*** Opening of Collected data ***

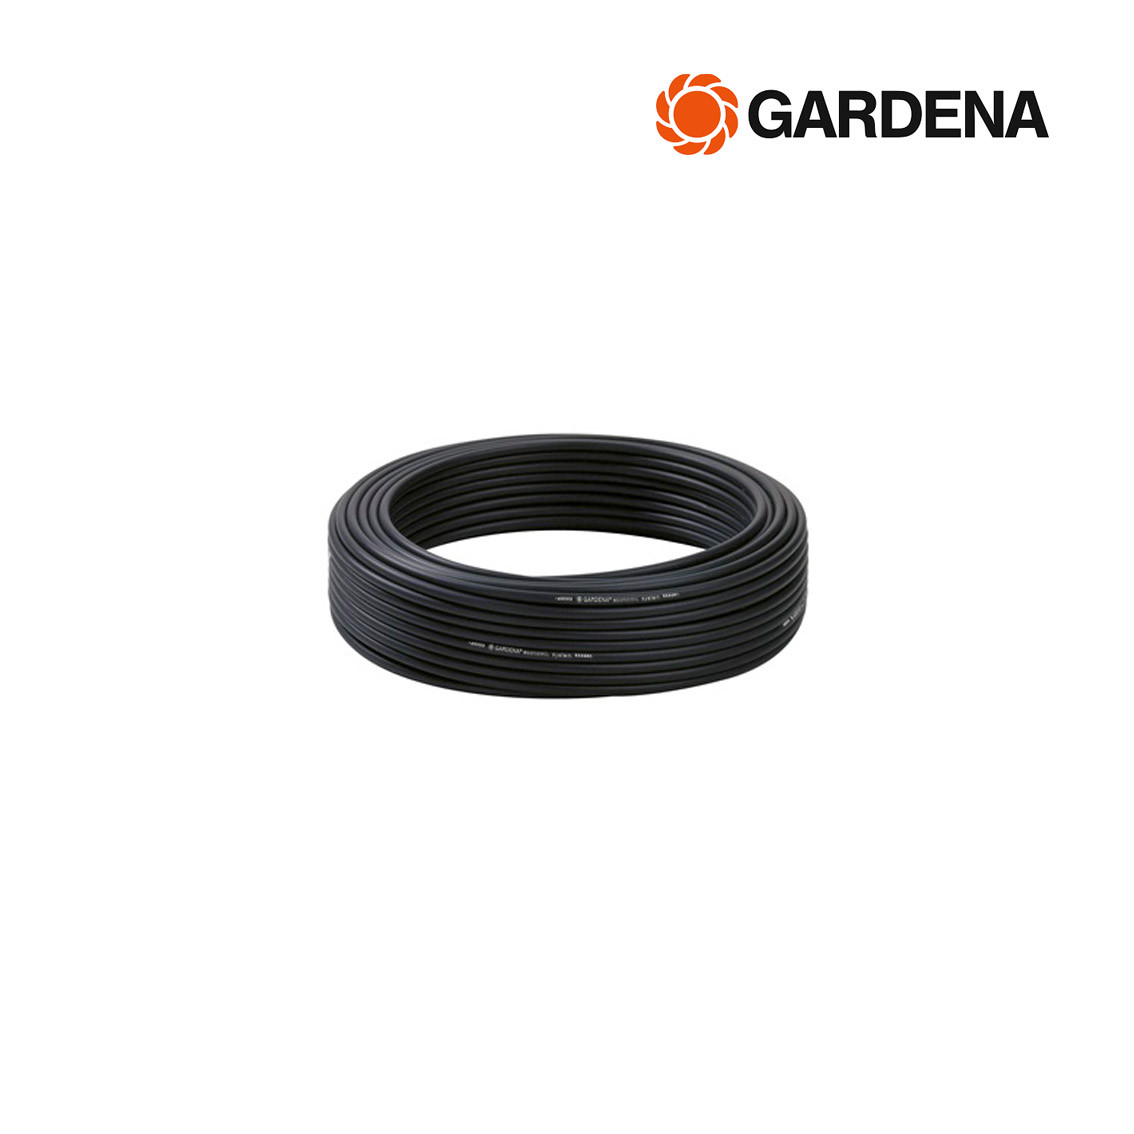 GARDENA Gardena Tuyau de Distribution 1350-20 Tubes 15m 4,6mm pour Pression 
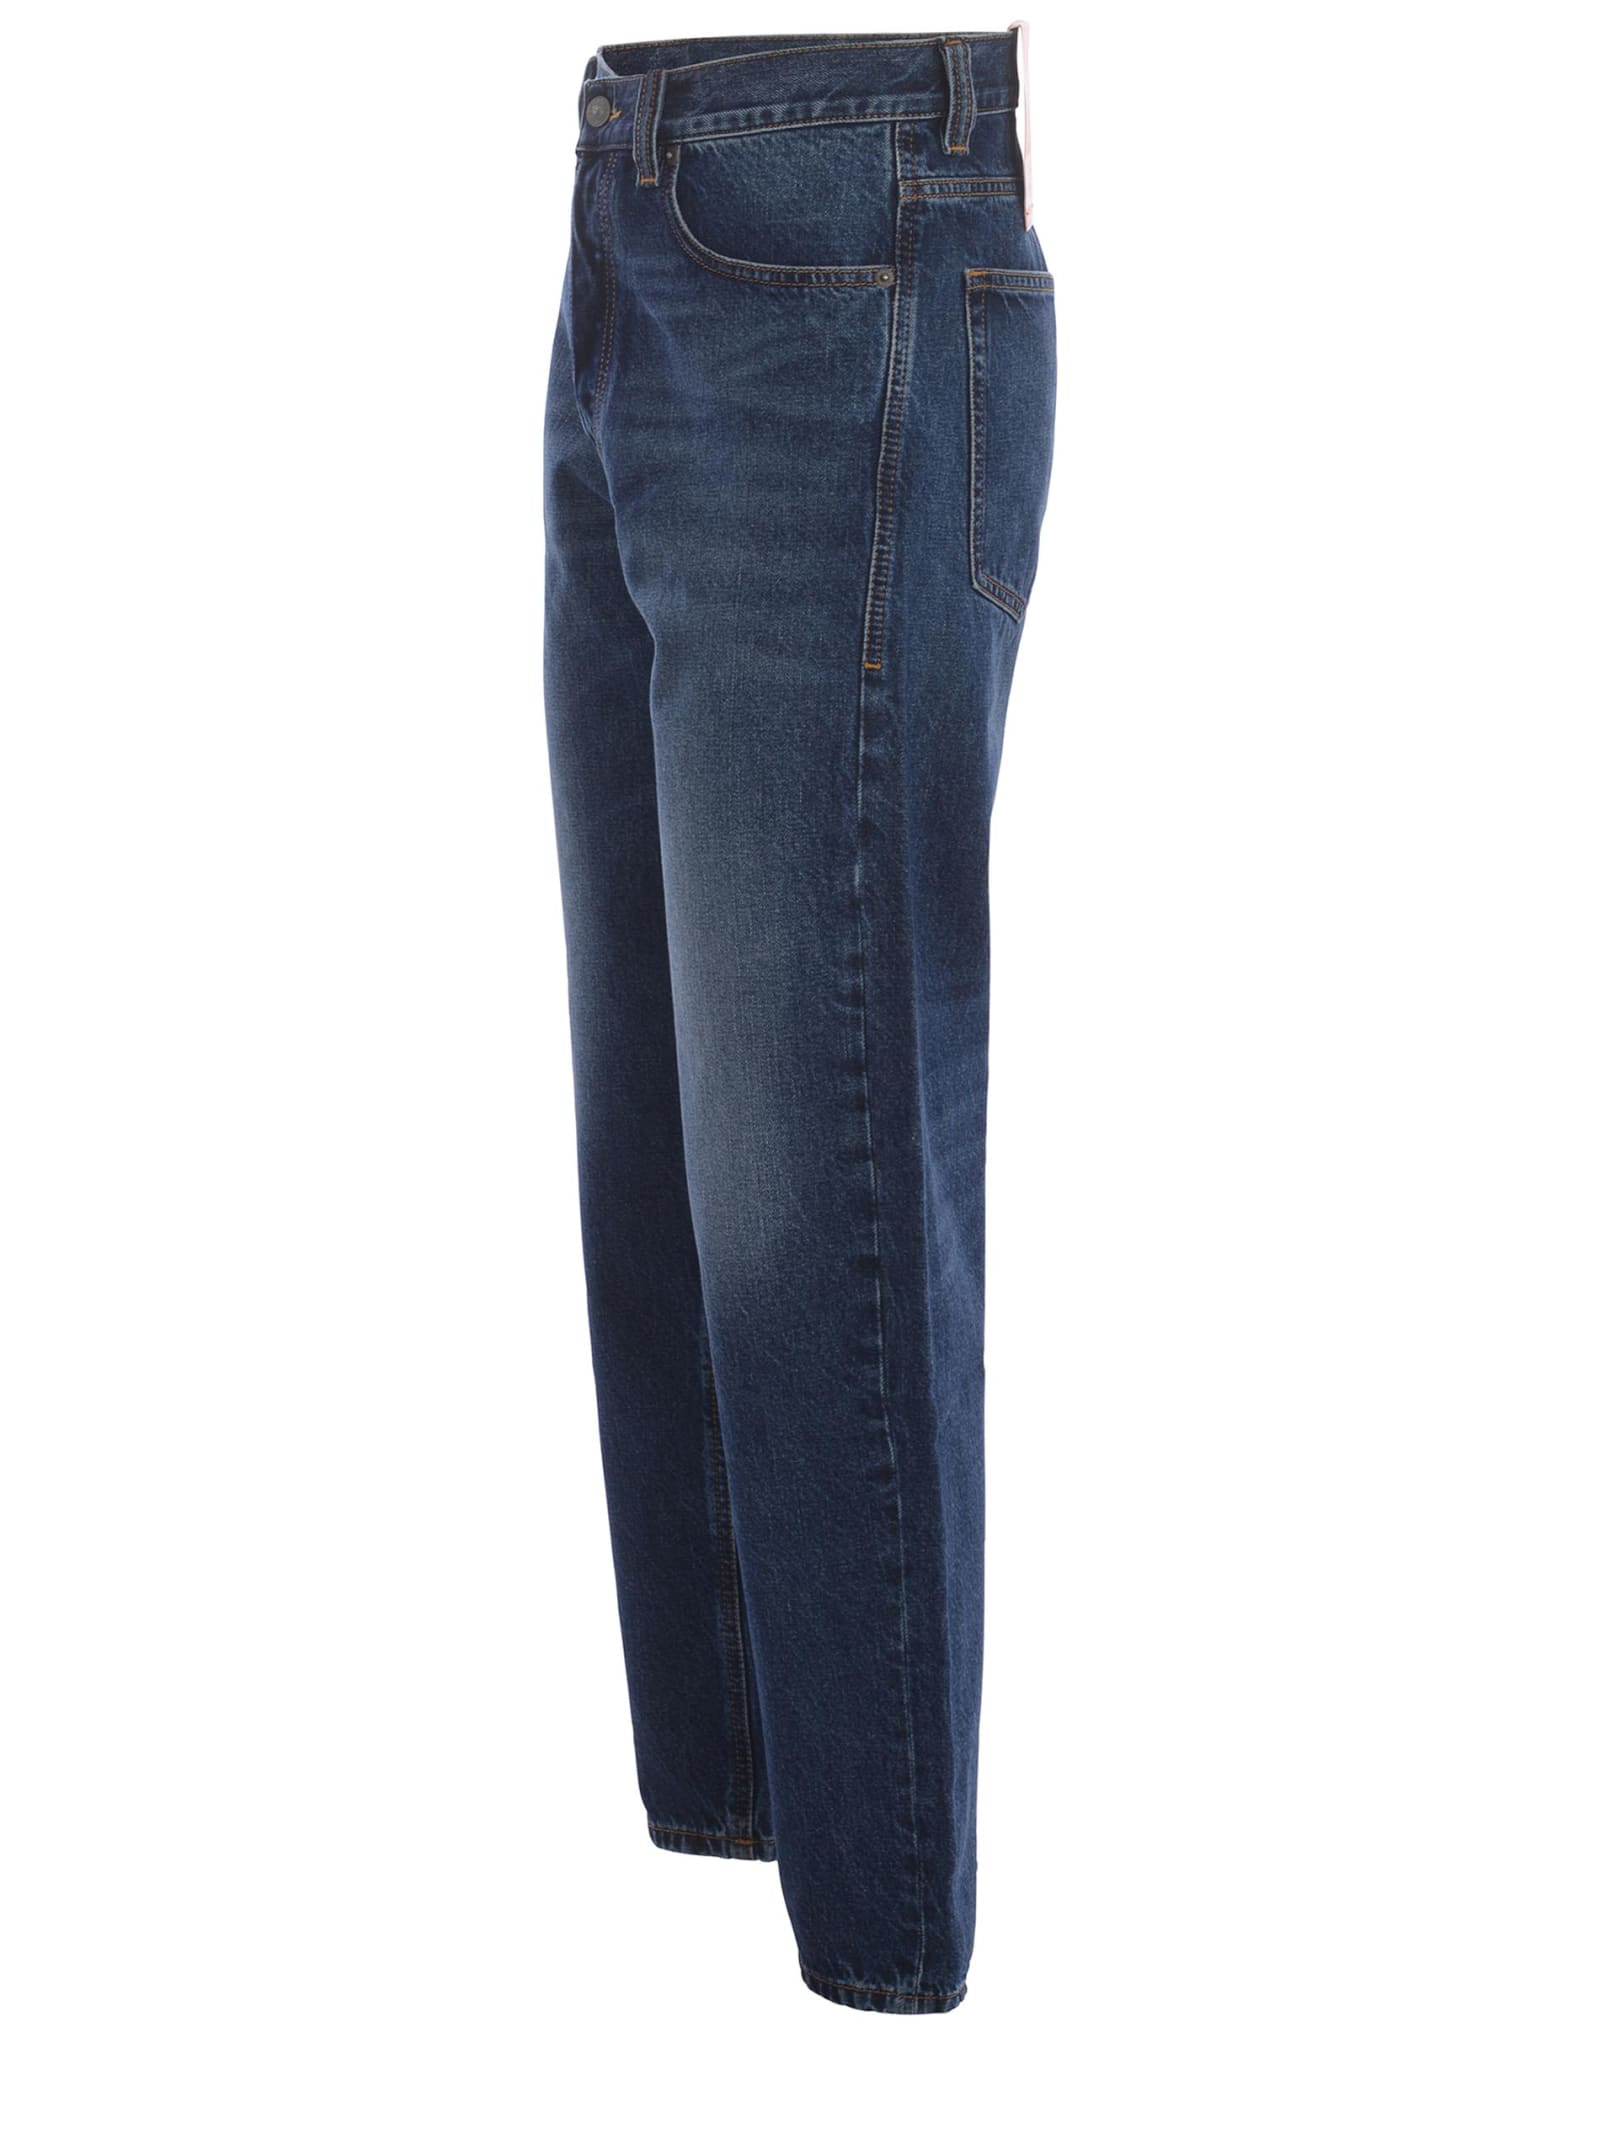 Shop Diesel Jeans  Macs Made Of Denim In Denim Blu
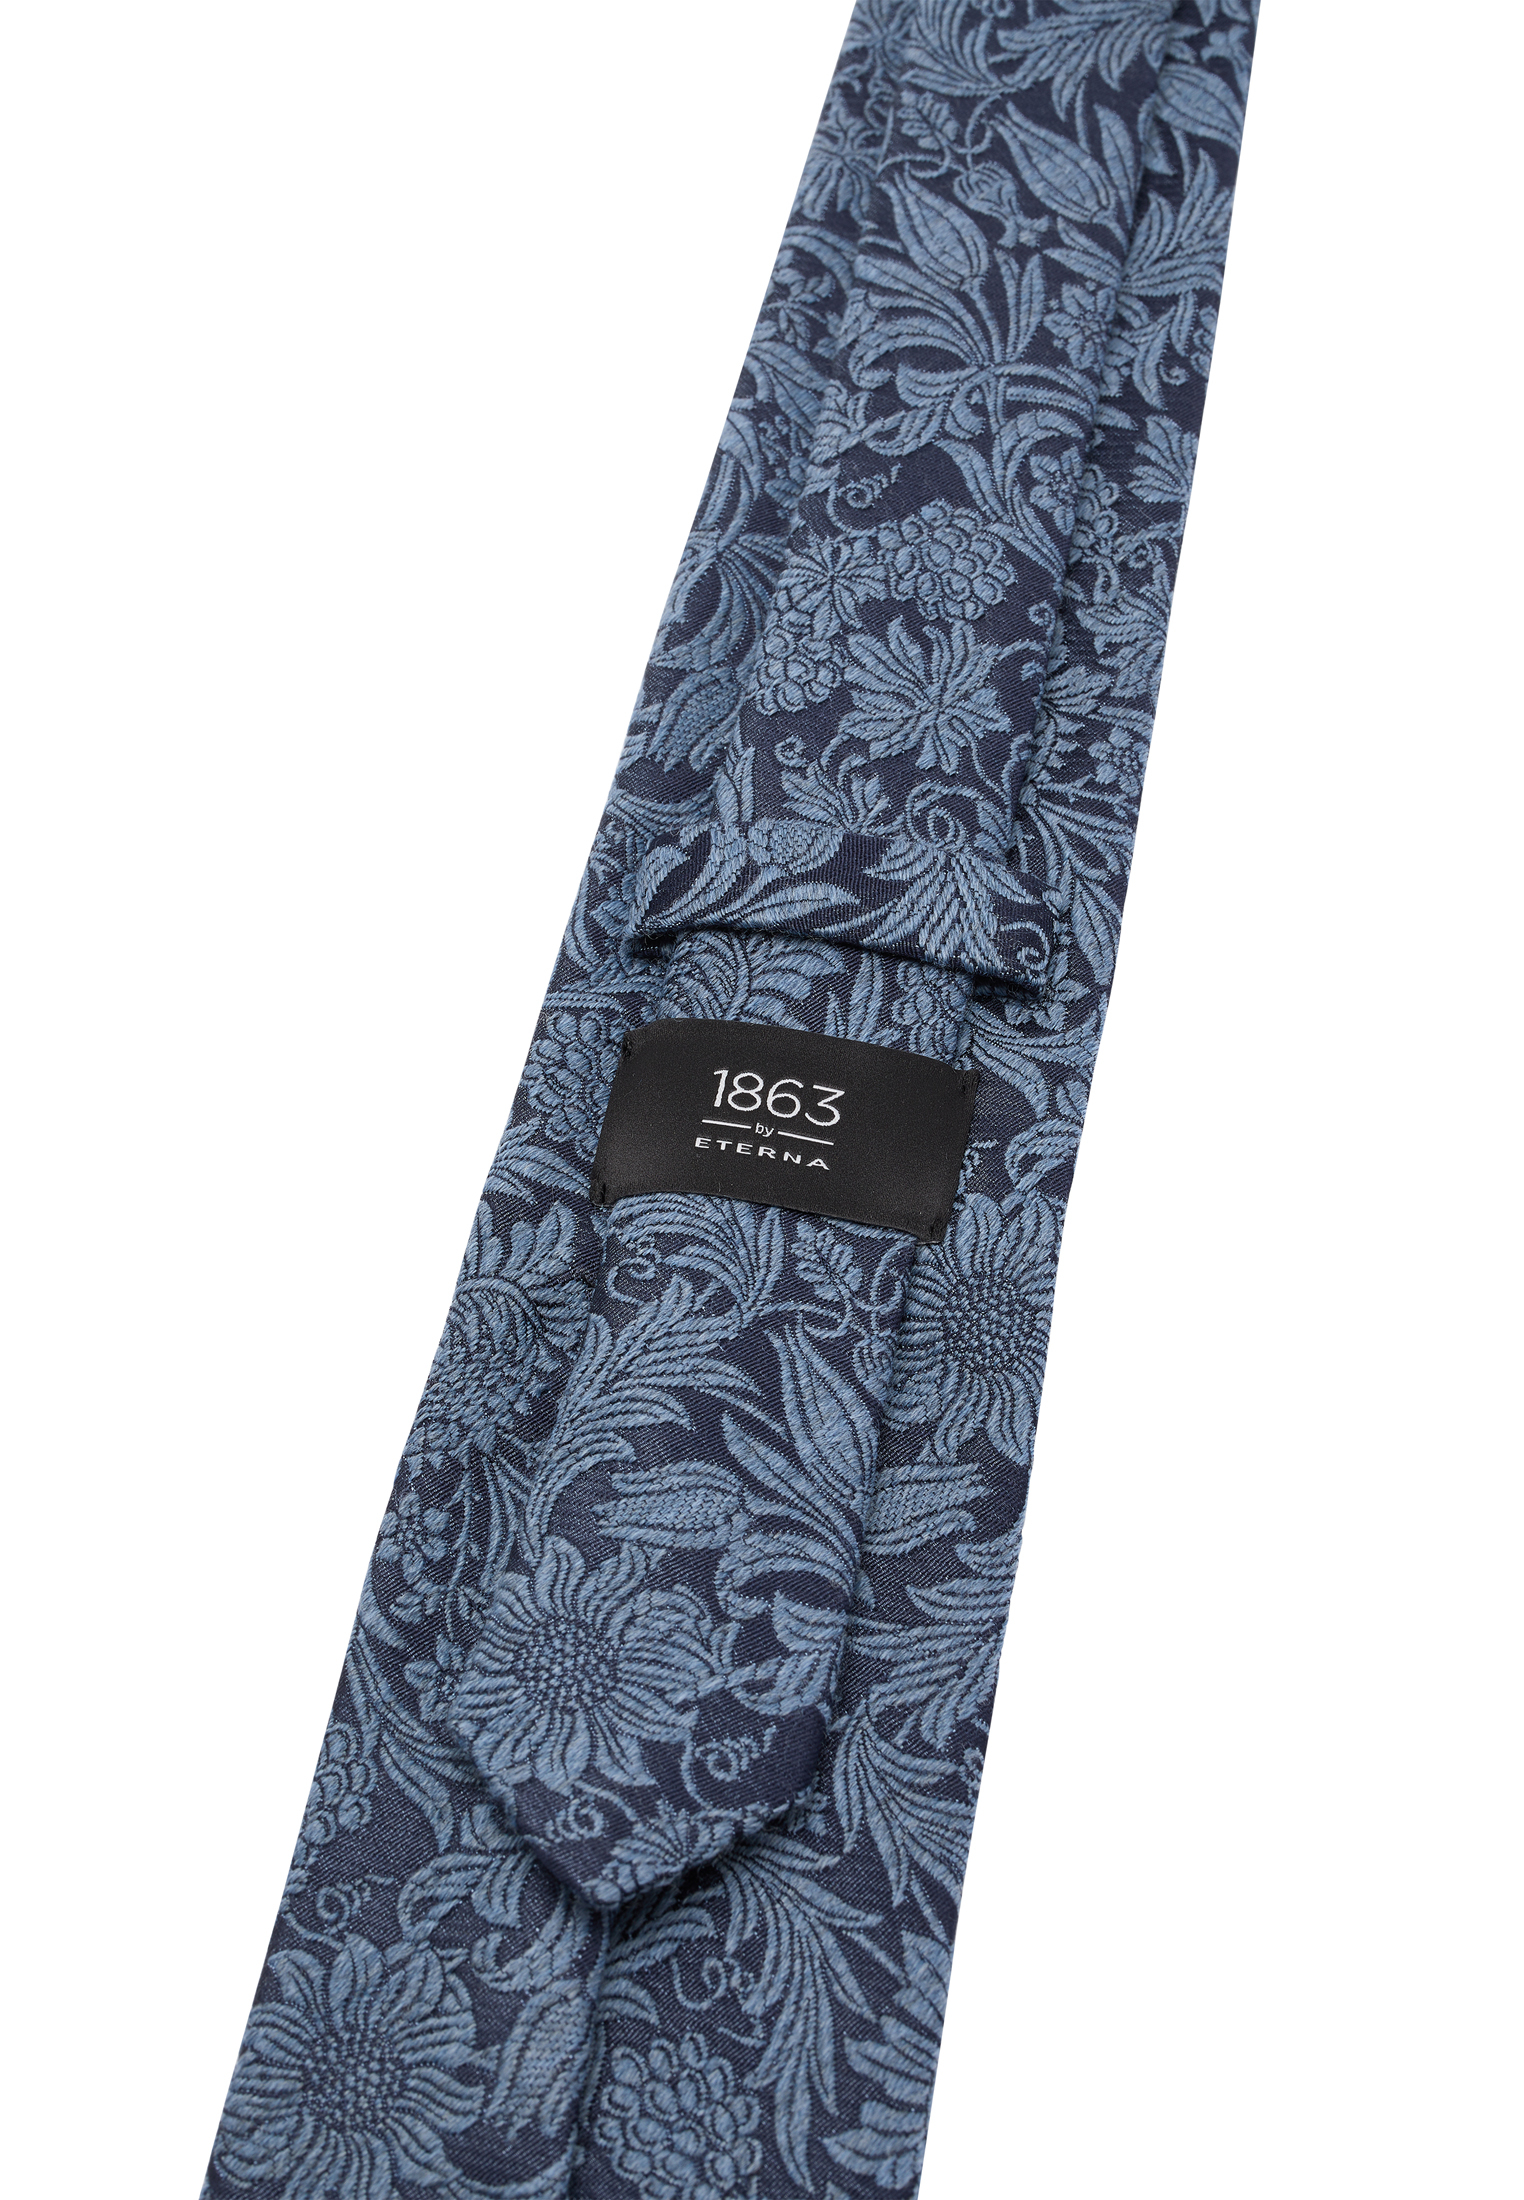 Krawatte in gemustert dunkelblau | | 1AC01901-01-81-142 dunkelblau 142

*** Close of Collected data ***

**Task goal**
The expected output is exactly the lines from the one containing "Shop Diesel Jeans" through the last line of the listing, both included, with every picture left out.

**Reply to the exercise**
 Shop Diesel Jeans  Macs Made Of Denim In Denim Blu
 Krawatte in gemustert dunkelblau | | 1AC01901-01-81-142 dunkelblau 142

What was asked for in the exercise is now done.